IDXChannel- Beberapa hari terakhir heboh Alun-Alun Utara Yogyakarta dan Monas yang dijual secara virtual. Penjualan itu dilakukan di platform metaverse, NFT, juga Next Earth.
Pakar komunikasi digital UI, Firman Kurniawan, mengatakan ruang virtual masih belum terlalu diatur dalam peraturan hukum tanah air. Dia mengingatkan ruang virtual tidak berarti sama dengan kondisi sebenarnya. Jadi tidak tepat bila status kepemilikan di dunia virtual itu disamakan dengan dunia nyata.
Menilik Kemajuan Teknologi Metaverse di 2022
Namun dirinya mengaku kondisi ini bisa memicu kerancuan yang bisa berujung pada munculnya berbagai masalah.

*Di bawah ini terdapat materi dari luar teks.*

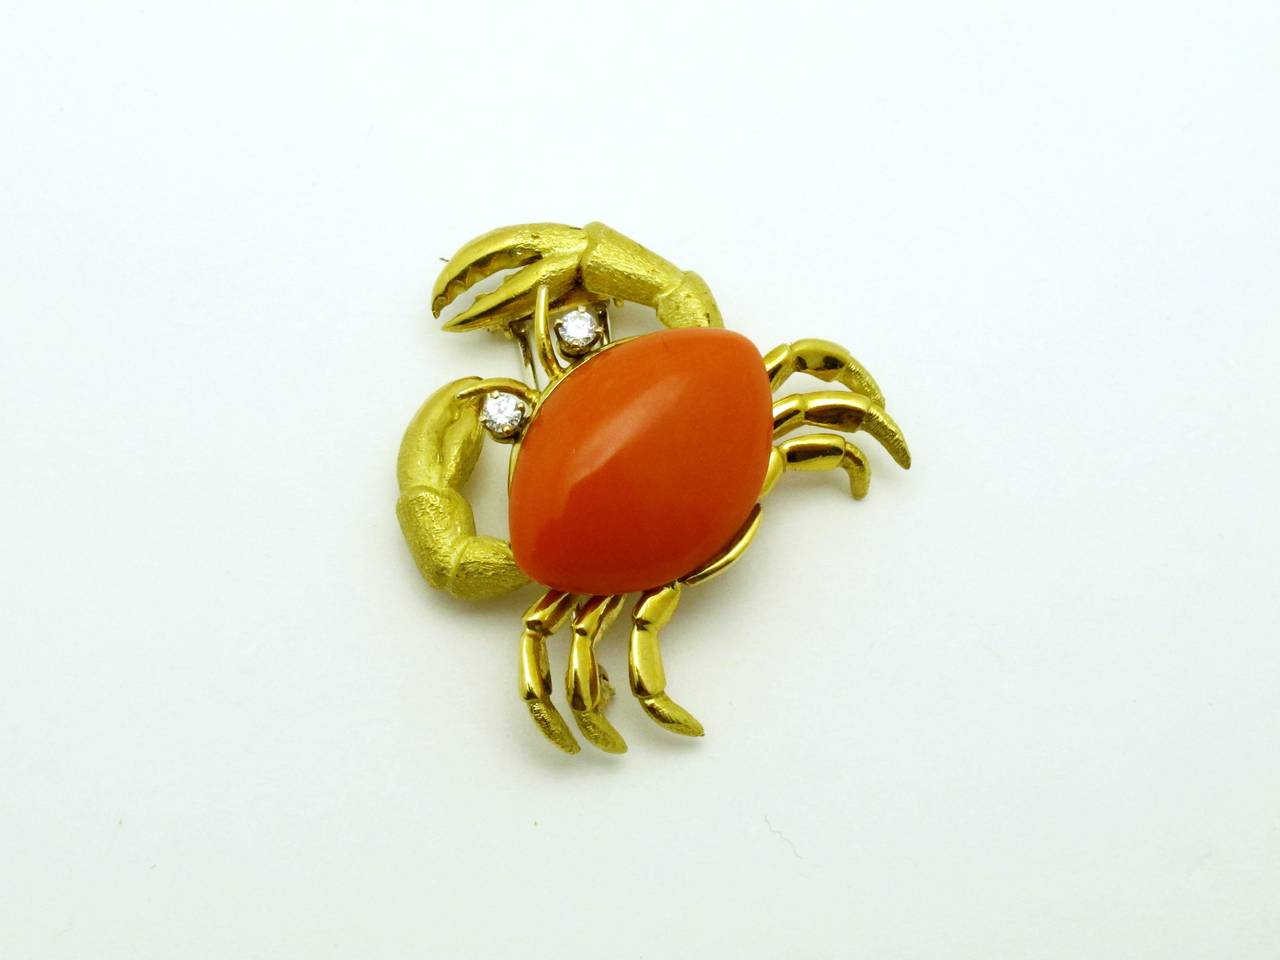 Beautiful modeled yellow gold crab brooch with a polished and Florentine finish.  It is set with orange Mediterranean coral and round brilliant-cut diamond eyes.

"Masalah bisa muncul karena belum ada aturan hukum yang spesifik. Sementara ada risiko tafsir aturannya dicampur aduk dengan aturan main kehidupan riil sehari-hari," ujar Firman saat dihubungi MNC Portal Indonesia di Jakarta (8/1/2022).
Dia menjelaskan lebih lanjut keberadaan virtual itu tidak menciptakan kondisi sebagaimana di Bumi.
Dia menuturkan ruang virtual, seperti metaverse atau ekstensi Bumi virtual yang identik dengan Bumi saat ini, termasuk Aun-Alun Utara Yogyakarta muncul karena salinan data (jutaan peta muka Bumi) dan sistem algoritma. Sehingga mampu memunculkan keidentikan dengan kondisi real.
"Realitasnya sebatas virtual. Ia adalah space of flows. Ada karena terhubung oleh internet," tutur Firman
Terlebih metaverse ini sebenarnya terjadi karena adanya jaringan internet. Apabila aliran listrik mati atau internet down, ruang metaverse tersebut tentu tidak ada atau bisa diakses.
"Jadi, ruang itu 'ada tapi maya', bukan 'ada tapi real'. Nah, karena 'ada tapi maya' tentu konsekuensi hukum/regulasinya tidak akan sama dengan 'ada tapi real' kan?" tuturnya.
Lebih lanjut dia mengatakan masyarakat Indonesia jangan gampang terjebak jargon populer dan sekadar nampak canggih.
"Metaverse adalah hasil inovasi teknologi informasi. Keberadaannya mampu menciptakan dan mengorganisasi ulang kehidupan paralel di dunia yang kita huni. Namun hasil penataan ulangnya tergantung pihak pihak yang berinteraksi di dalamnya," jelasnya.
Bisa saja menjadi lebih baik atau lebih buruk, sangat tergantung kesepakatan. Apakah bernilai atau tak bernilai tergantung pihak yang terlibat untuk memberi nilai.
"Dan, yang harus sepenuhnya dipahami, dunia paralel itu ditopang oleh teknologi. Teknologi tak pernah lepas dari kepentingan pengembangnya. Kepentingan itu mulai dari ekonomi, politik, sosial, budaya. Tidak pernah netral," jelasnya.